- Platform(s): CompuServe
- Genre(s): Strategy war-game

= Sniper! (video game) =

1989 video game

Sniper! is a computer game that appeared on CompuServe. It was an adaptation of the Sniper! board game.

== Plot ==
Sniper! is a strategy war-game in which players begin as recruits in the Sniper Saloon & Salad Bar, where players can hear local gossip, and talk with other players about their wins defeats, challenge other players to a game of Sniper!, or play against the computer. A drill instructor in the Bootcamp to shows new players how to play. The Halls of Fame also display the best scores of players. The player commands a small squad of either German or American soldiers in the western Europe of World War II. In a game of Patrol the opposing Alpha and Bravo squads encounter each other in the area between their front lines. In a game of Infiltrate, the Alpha force has to sneak across the map from one side to the other, exiting at the Bravo side Victory Point area before Bravo can stop them.

== Development ==
Steve Estvanik converted the Sniper! board-game series from TSR to function as a multi-player computer game available to play online on CompuServe.

== Reception ==
In the July 1989 edition of Computer Gaming World, Johnny Wilson gave the Sniper! videogame a generally positive review, admiring it both as a social experience as well as a competitive game.

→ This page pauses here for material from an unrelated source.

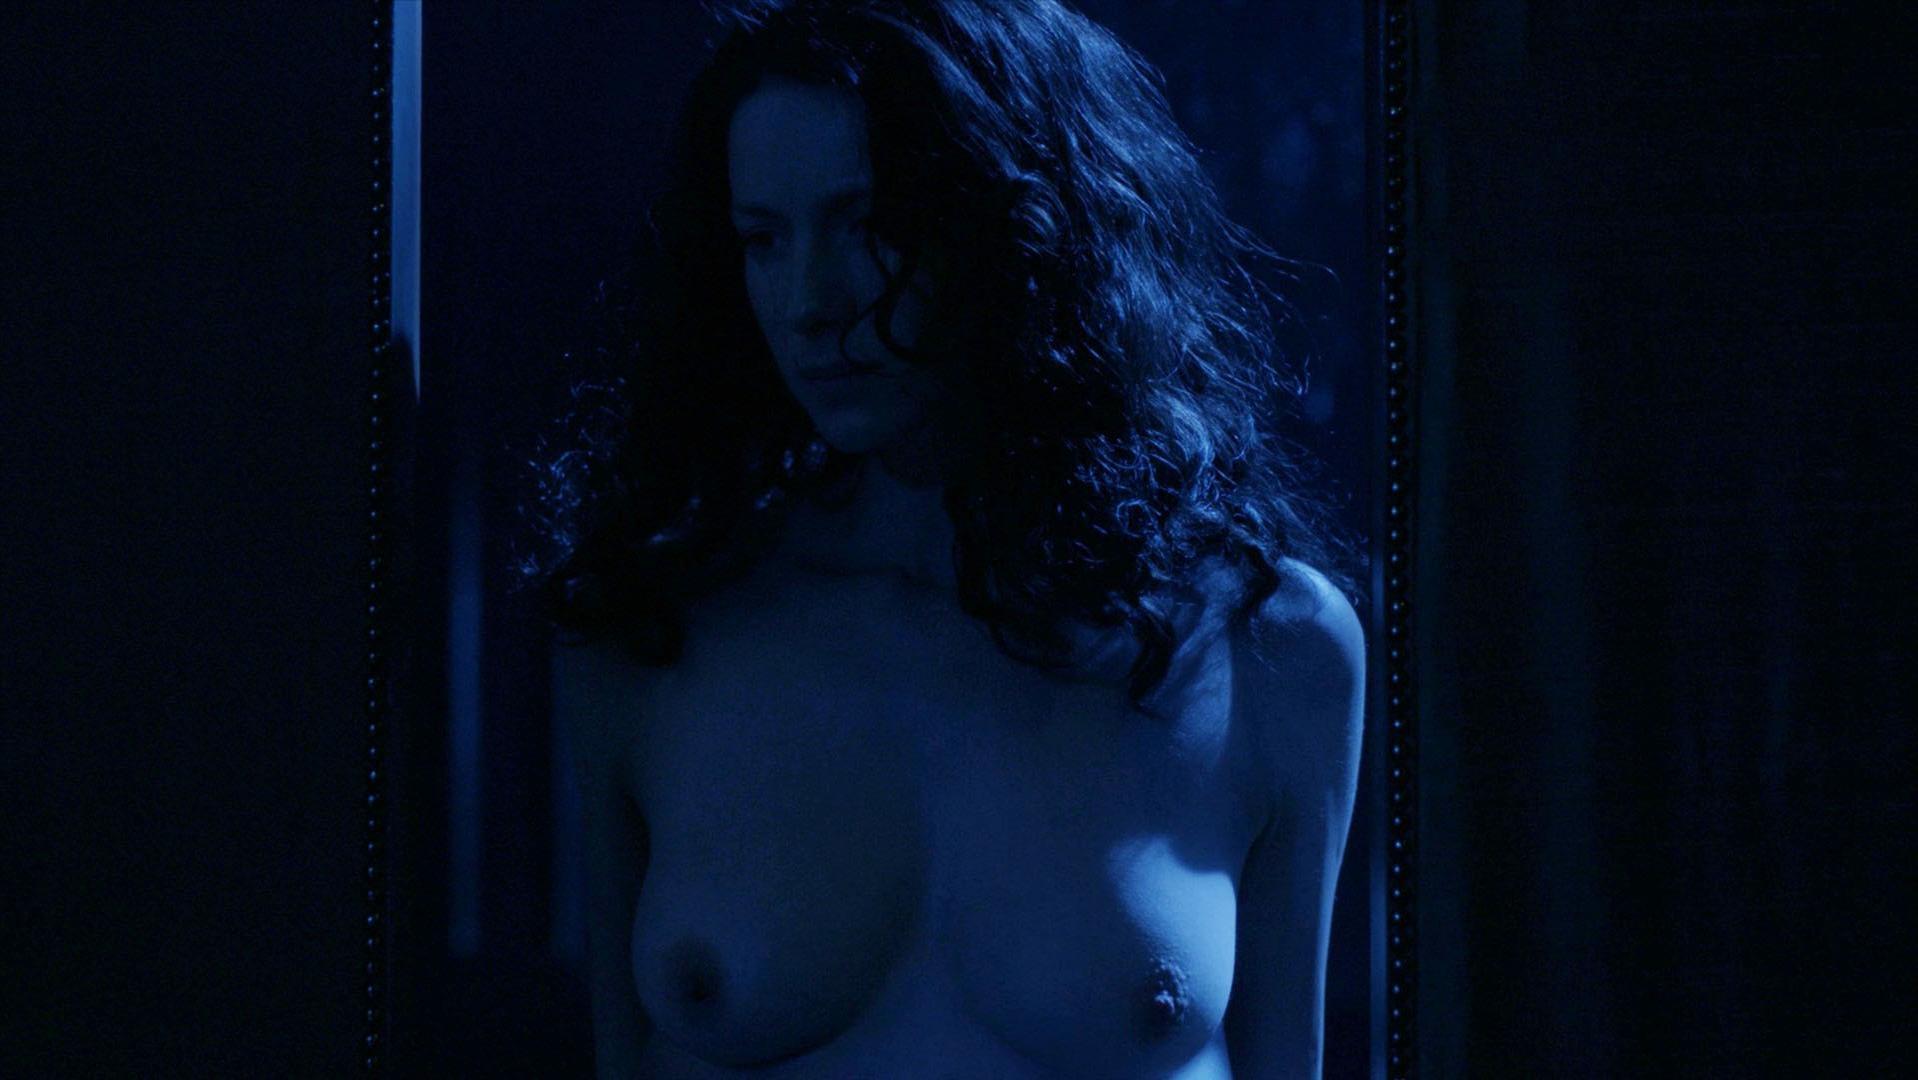 Caitriona Balfe nude - Outlander s02e04 (2016)

In the January 1993 issue of Compute! (Issue 148), Paul C. Schuytema reviewed the Sniper! computer game, and suggested players pay for the graphical version rather than try to decipher images composed of ASCII characters, which he found "far too cryptic for my tastes." He noted that although "the game's control logistics seem a little obtuse at first, you can enter a modified boot camp where you explore all of the various commands."